** Prompt **
For this exercise, output exactly and only the lines running from the one with "Square in the" through the final line of the data below, without pictures.

** Dataset content **
+-------+
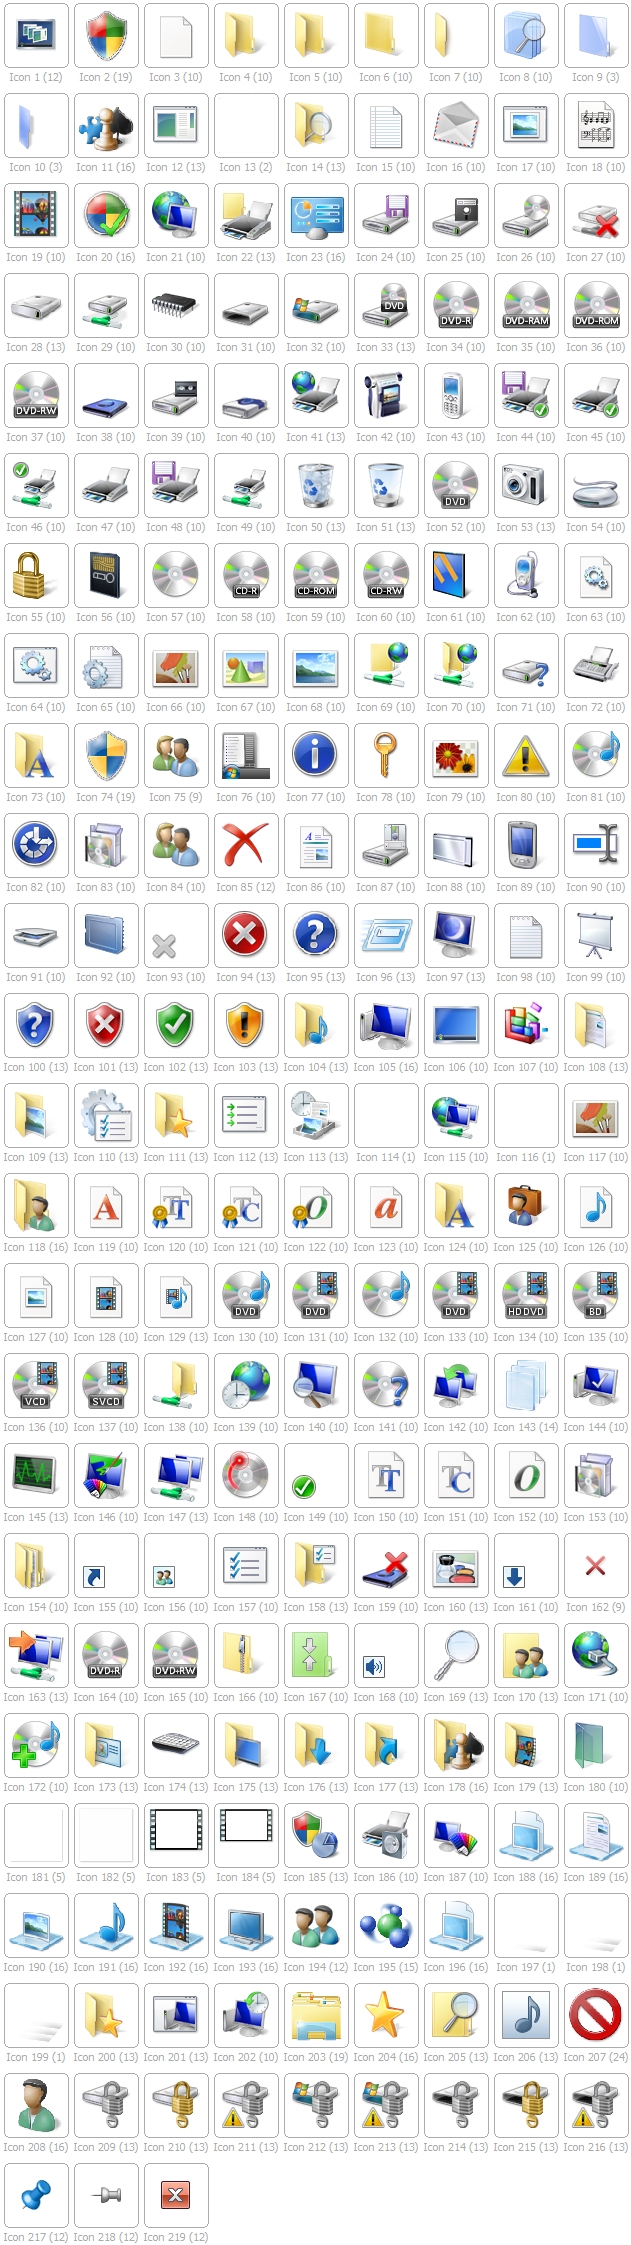 Windows Icons: Reference list with details, locations  images
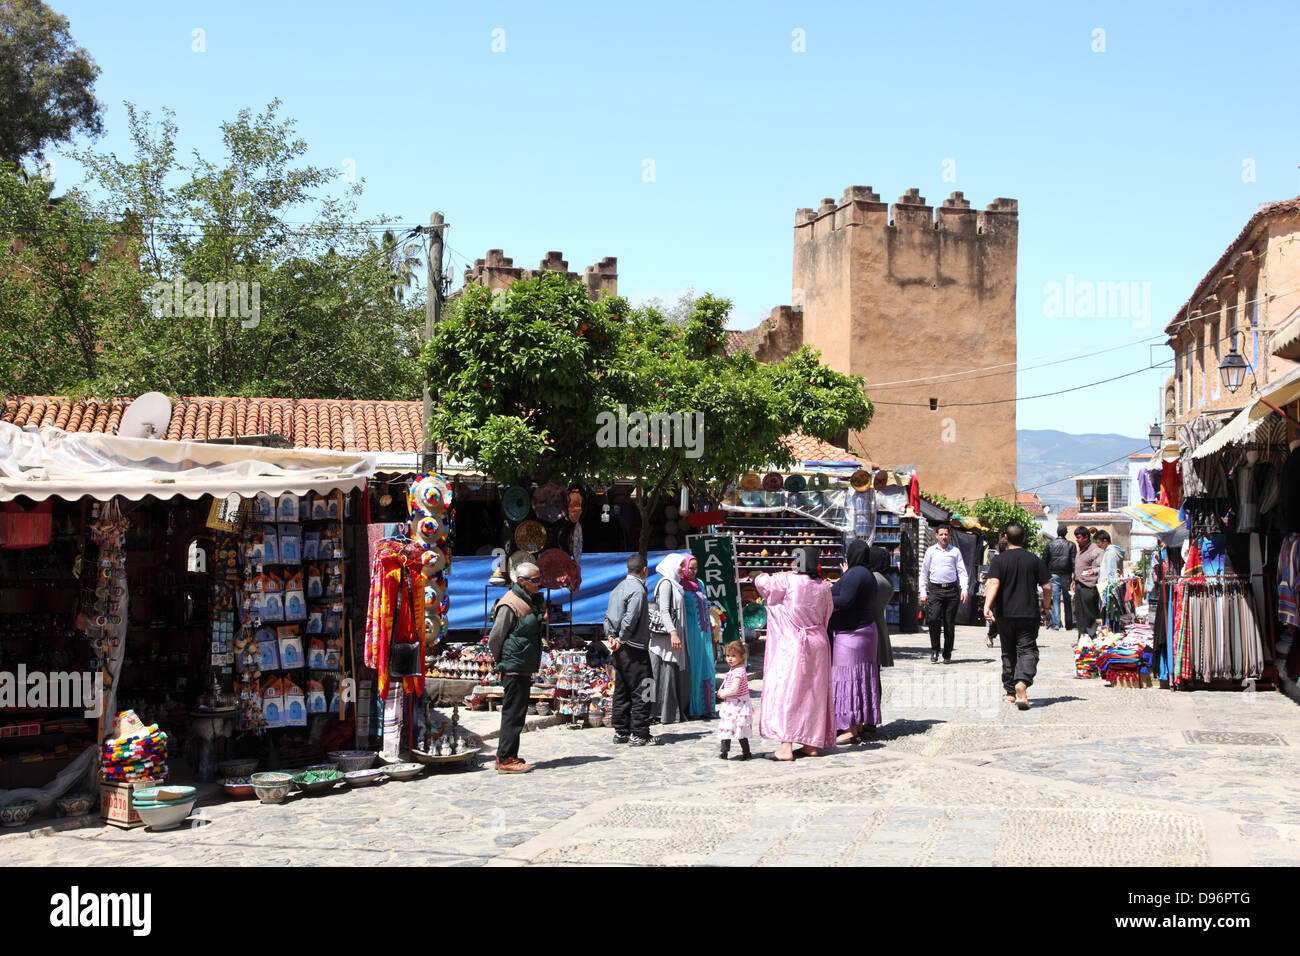 Square in the medina of Chefchaouen, Morocco Stock Photo
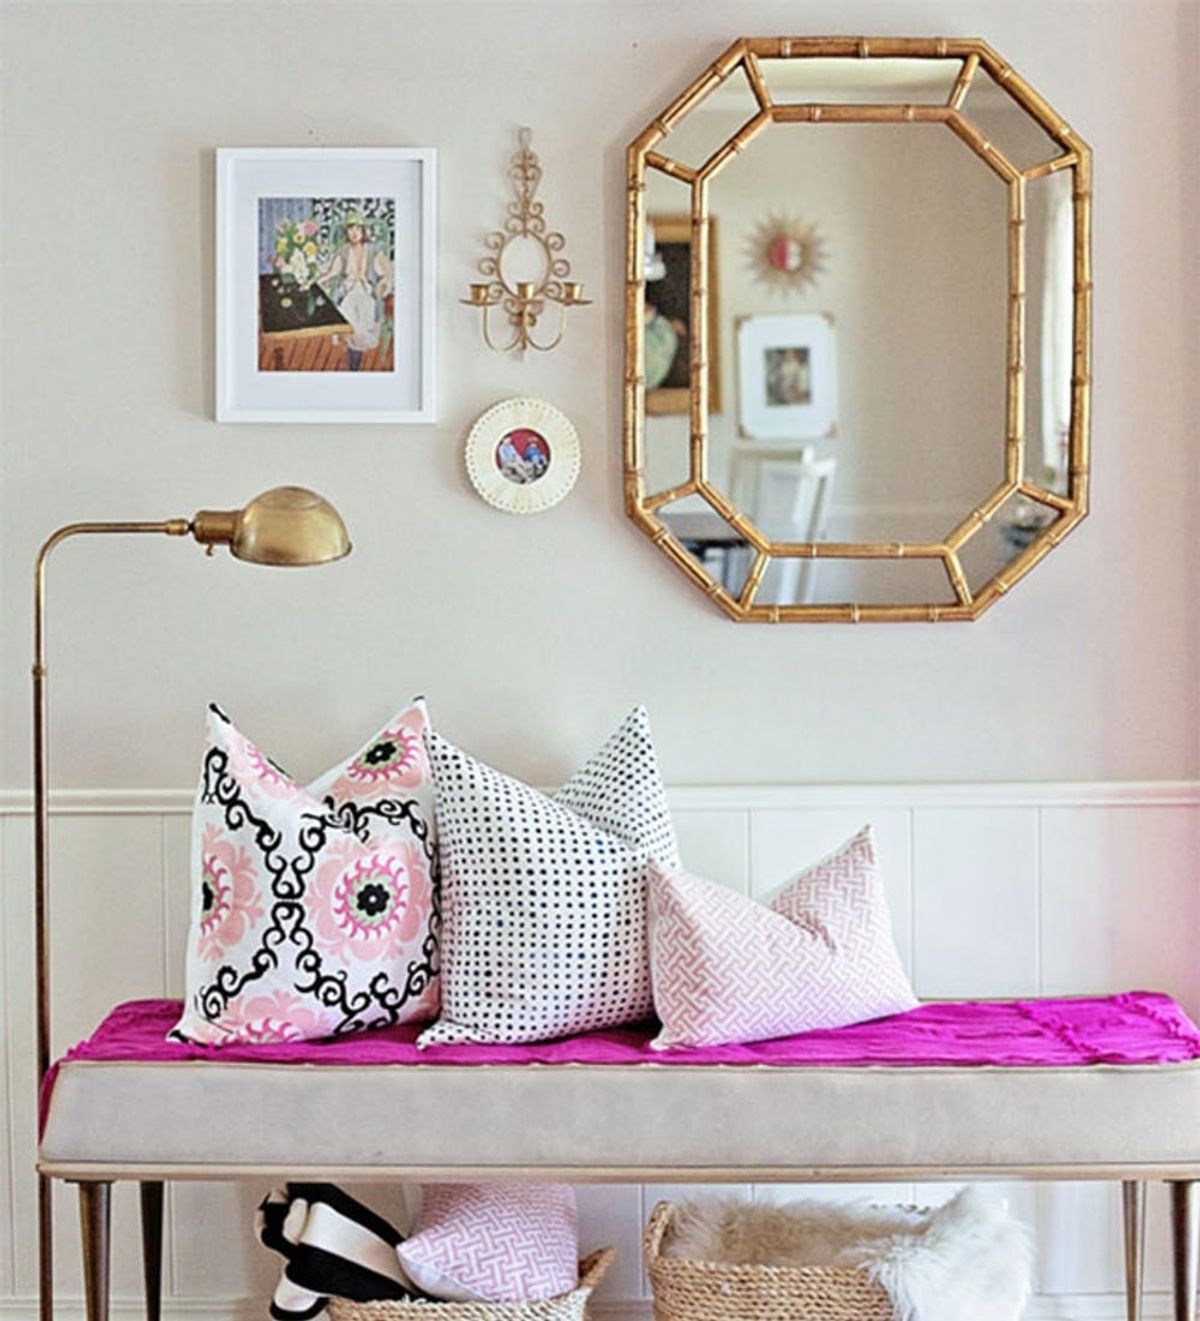 5 Decorating Hacks for Small Bedrooms
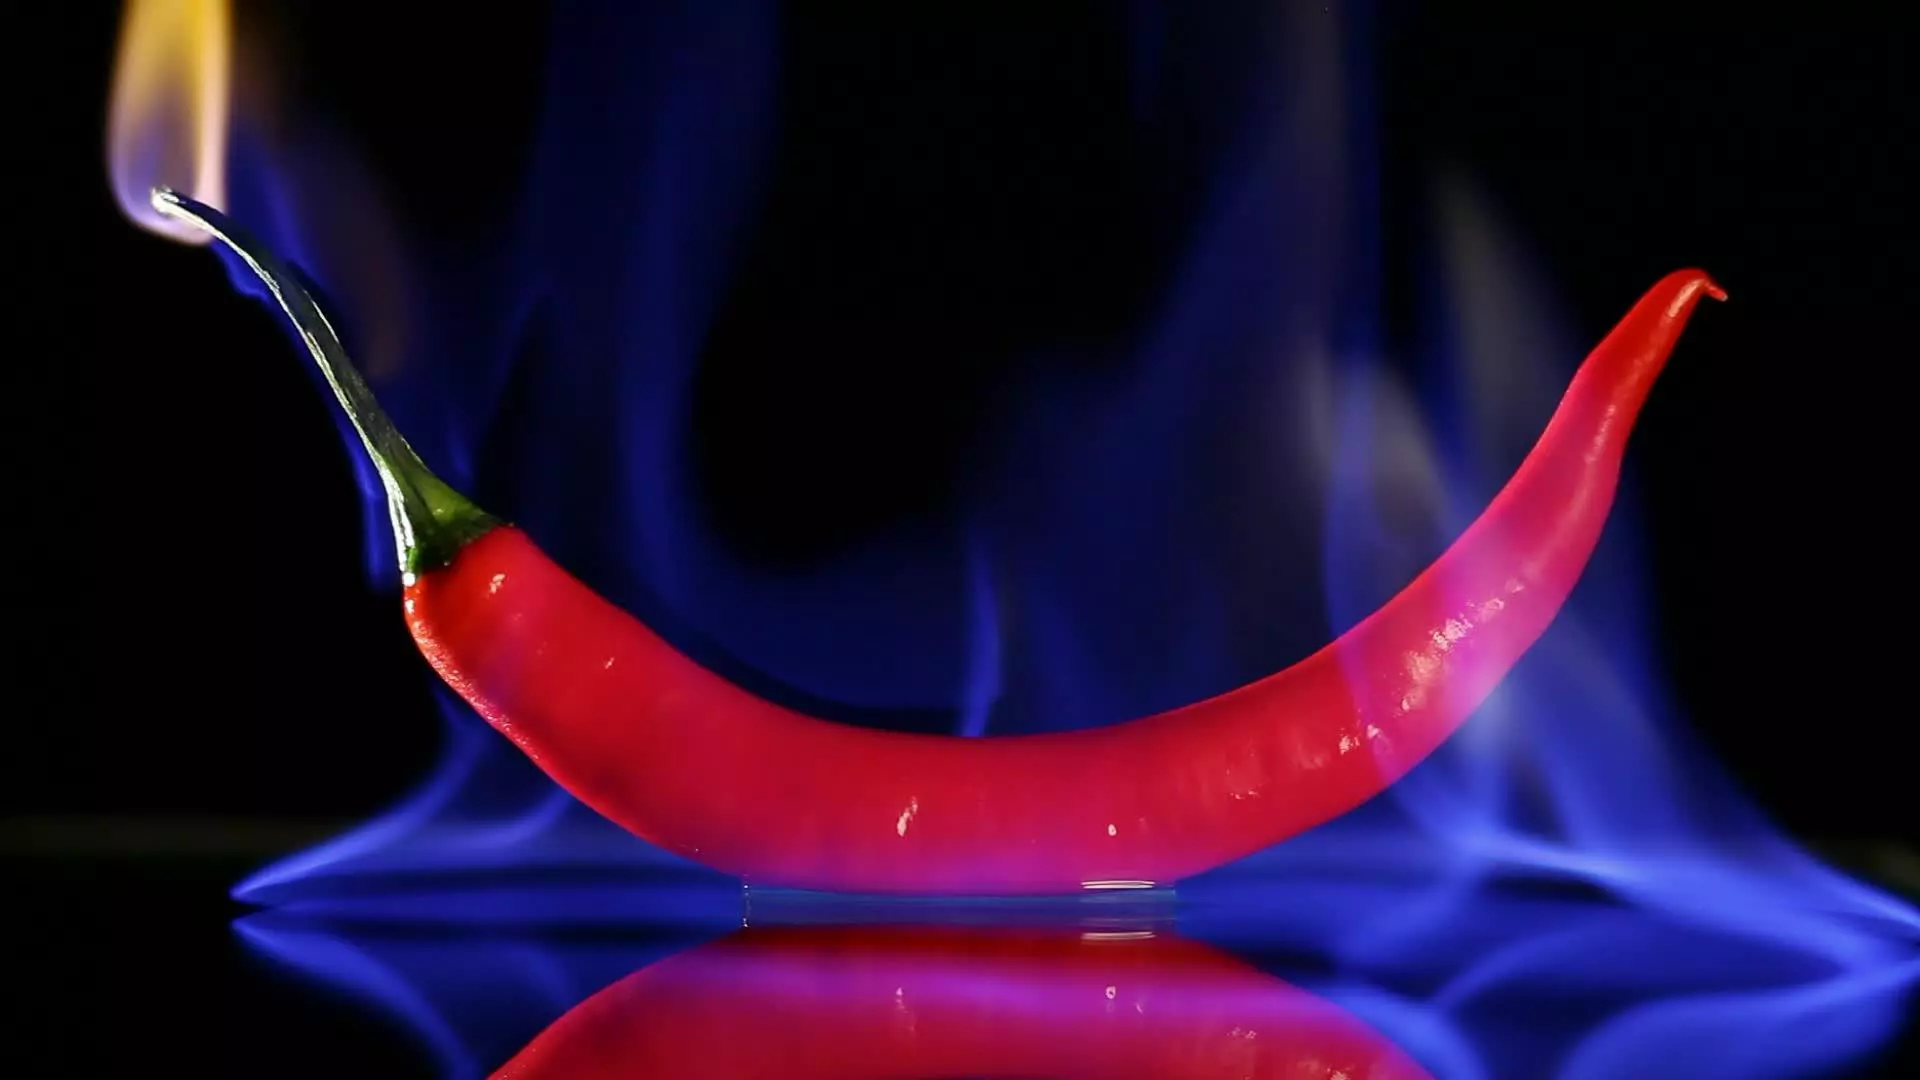 10 Amazing Health Benefits to Eating Hot Peppers [Scientifically Proven]
+-------+
** Result of the exercise **
 Square in the medina of Chefchaouen, Morocco Stock Photo
 5 Decorating Hacks for Small Bedrooms
 10 Amazing Health Benefits to Eating Hot Peppers [Scientifically Proven]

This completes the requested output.